The Fastest-Growing U.S. Cities: The Latest Numbers (Forbes) Hat tip to Reberta Kruse. Of the 15 fastest growing U.S. cities from July 2014 to June 2015, 9 are in the south (4 in Texas), 4 are in the southwest or on the west coast and the other 2 are Denver (arguably southwest) and metro New York City area.
These are the 10 most and least expensive towns in Britain (City A.M.) Kensington and Chelsea has been named Britain's most expensive neighborhood, with an average price of £11,321 per square meter ($1,550 per square foot). Despite prices dropping 1% in the last year, the borough's per square meter average is still five times higher than the national average of £2,216, according to a report by Halifax. Meanwhile six of the 10 least expensive areas in Great Britain are outside England, the cheapest of them all being Airdrie in Scotland where average price per square meter stood at £1,019 ($92 per square foot)..

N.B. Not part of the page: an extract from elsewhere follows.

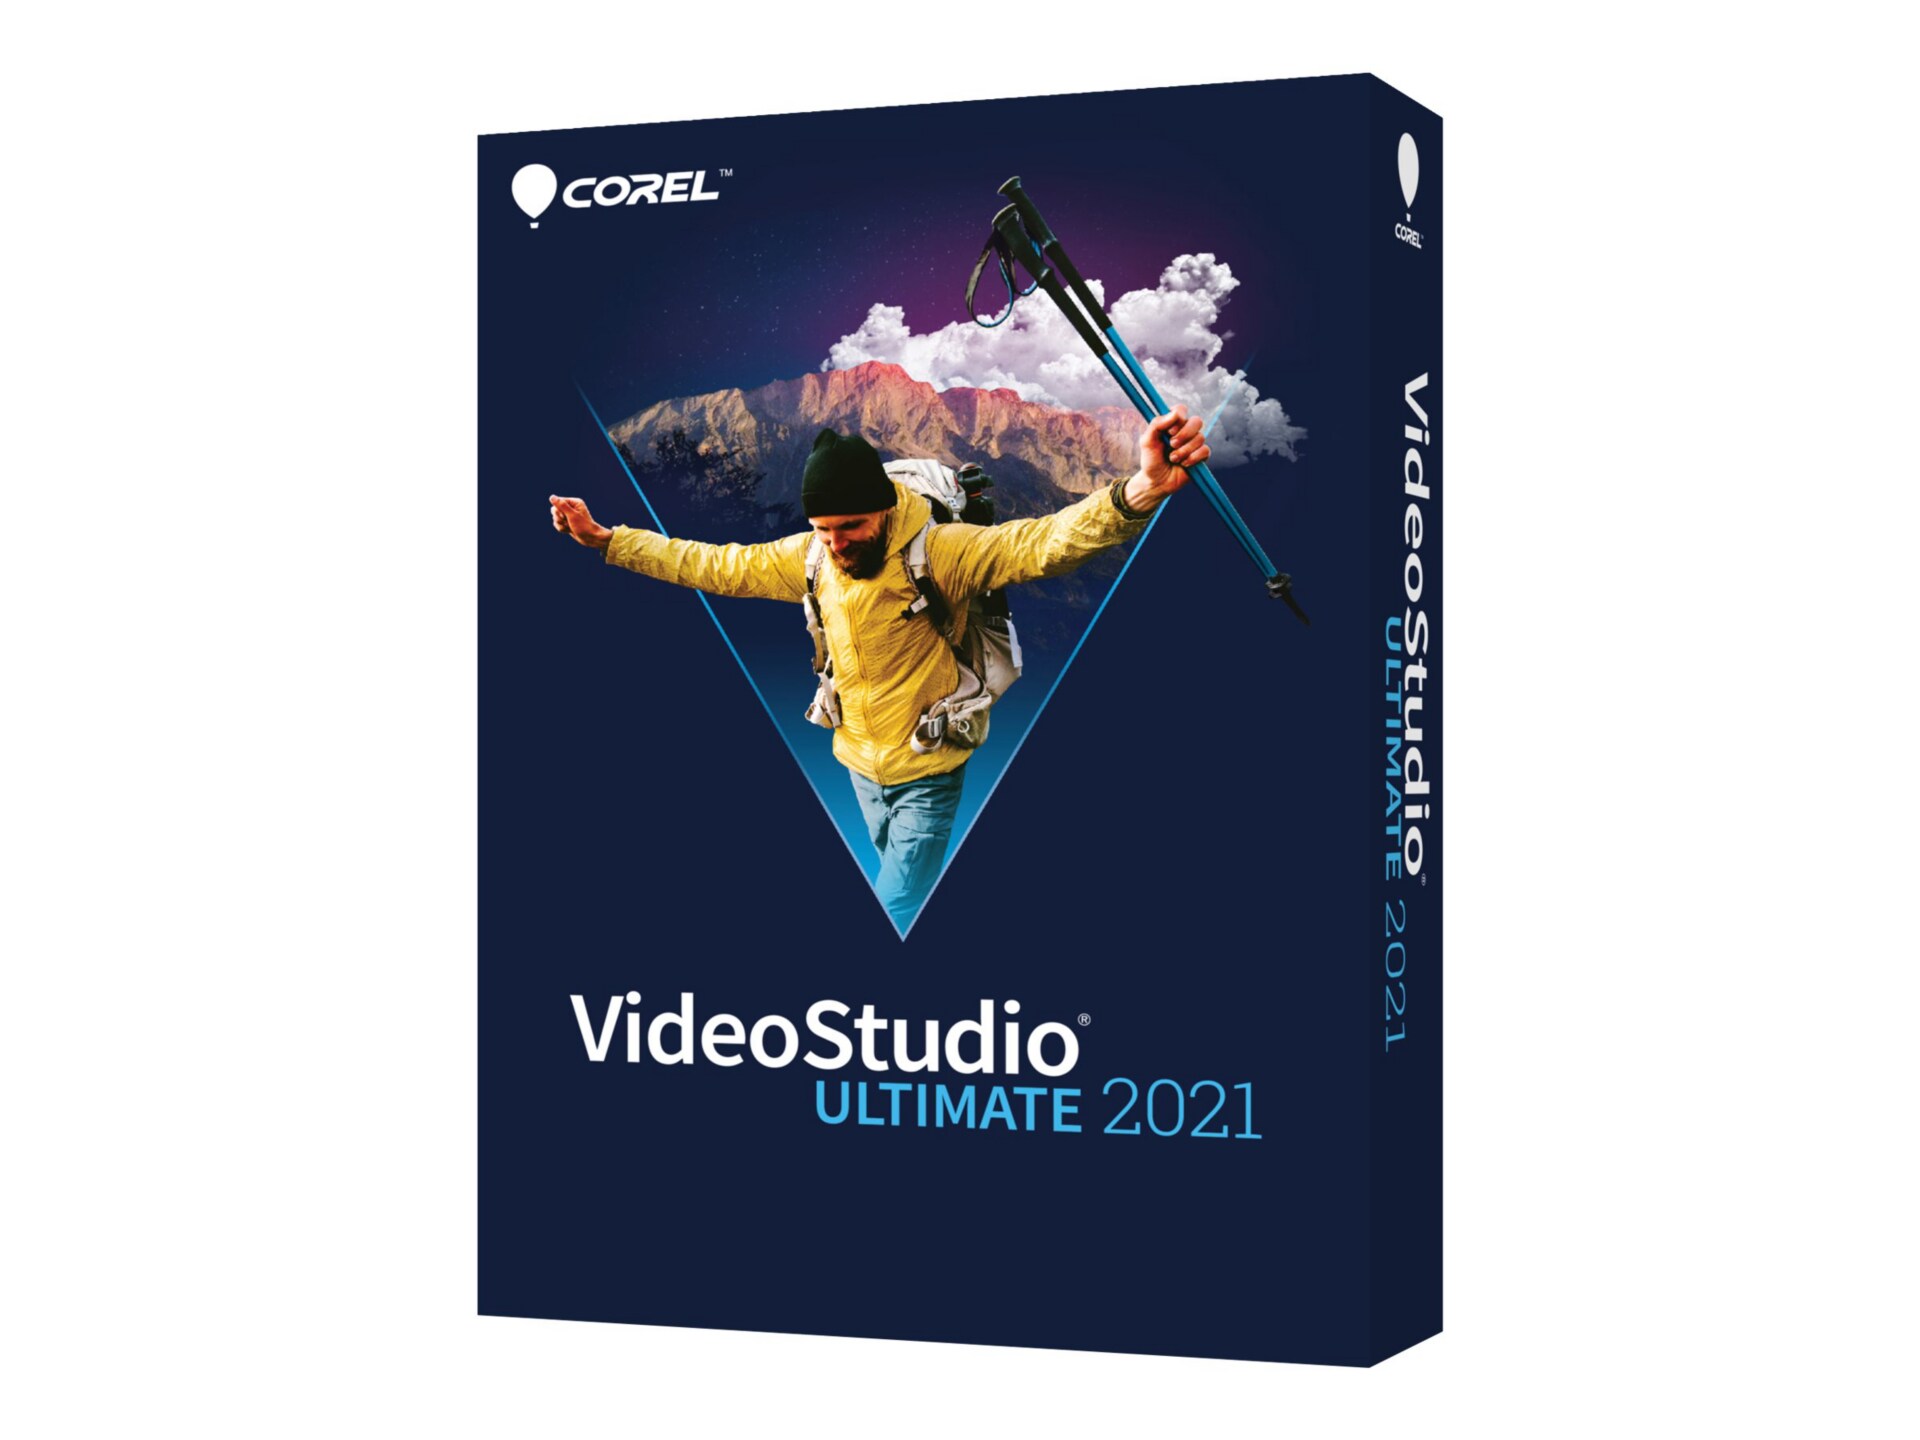 COREL VIDEOSTUDIO 2021 ULT BOX

Outlaw Libyan Dollar Traders Thrive While Hiding in Plain Sight (Bloomberg) Amid the clothing and jewelry shops along an upmarket street in Benghazi is another kind of emporium. The wares on display: crisp U.S. dollar notes. In plain view of Libyan police and security forces, the stores are engaged in illegal foreign exchange. The dollars are brought into Libya using fake trade invoices.
Chibok girls: Second schoolgirl rescued - Nigerian army (BBC News) A second schoolgirl from the more than 200 seized in the Nigerian town of Chibok has been found, the army says. Spokesman Col Sani Usman said Serah Luka was among 97 women and children rescued by troops in operations in the north-eastern Borno State. This comes two days after the rescue of the first Chibok girl, Amina Ali Nkeki. In all, 217 girls remain missing after their abduction by the Boko Haram Islamist group from a secondary school in north-eastern Nigeria in 2014.
Billion-dollar question: What will Prime Minister Modi do to Governor Raghuram Rajan? (The Economic Times) Subramanian Swamy - who comes across either as a crusader or a clown depending on where you stand - is after Raghram Rajan. This article discusses the question of which Massachusetts trained economics professor will be the next Governor of the Reserve Bank of India: the older Swamy (Harvard Ph.D. 1965) or the incumbent Rajan (MIT Ph.D. 1991).
BJP now a pan-India party: from Kashmir to Kerala, Gujarat to Assam (Business Standard) After a disastrous 2015 where it was electorally mauled first in Delhi and then Bihar, 2016 has brought much cheer for the Bharatiya Janata Party (BJP) of Narendra Modi, greatly strengthening the prime minister's hand. But it seems not all agree with that assessment - See next article.
Five predictable results make for an uncertain 2019 (Business Standard) Modi's BJP may have regained some strength in the 2016 regional elections, but this writer sees the increasing likelihood that the next national election in 2019 may see a formidable alliance of other parties present a challenge with"everybody ranged against him". The writer suggests Modi needs to govern with more outreach - "softening his politics" in non Congress Party regions.
Korean dividend payouts to foreigners up 23% after '15 FY settlement (Maeil Business News) South Korean companies listed on the main Korea Composite Stock Price Index (Kospi) bourse and the secondary Korea Securities Dealers Automated Quotations (Kosdaq) bourse paid foreign shareholders a total of 7.39 trillion won ($6.3 billion) in dividends this year after settlements in December, up 22.5% from last year. Samsung Electronics Co. paid the largest amount of dividends worth 1.8 trillion won to foreigners. Korea Electric Power Corp. (KEPCO) paid 623.2 billion won, up 574.5 percent, followed by Hyundai Motor Co. with payout of 426 billion won. U.S. shareholders earned 42% of dividends paid to foreigners. The UK was second with 8.3% and Belgium third with 6.1%.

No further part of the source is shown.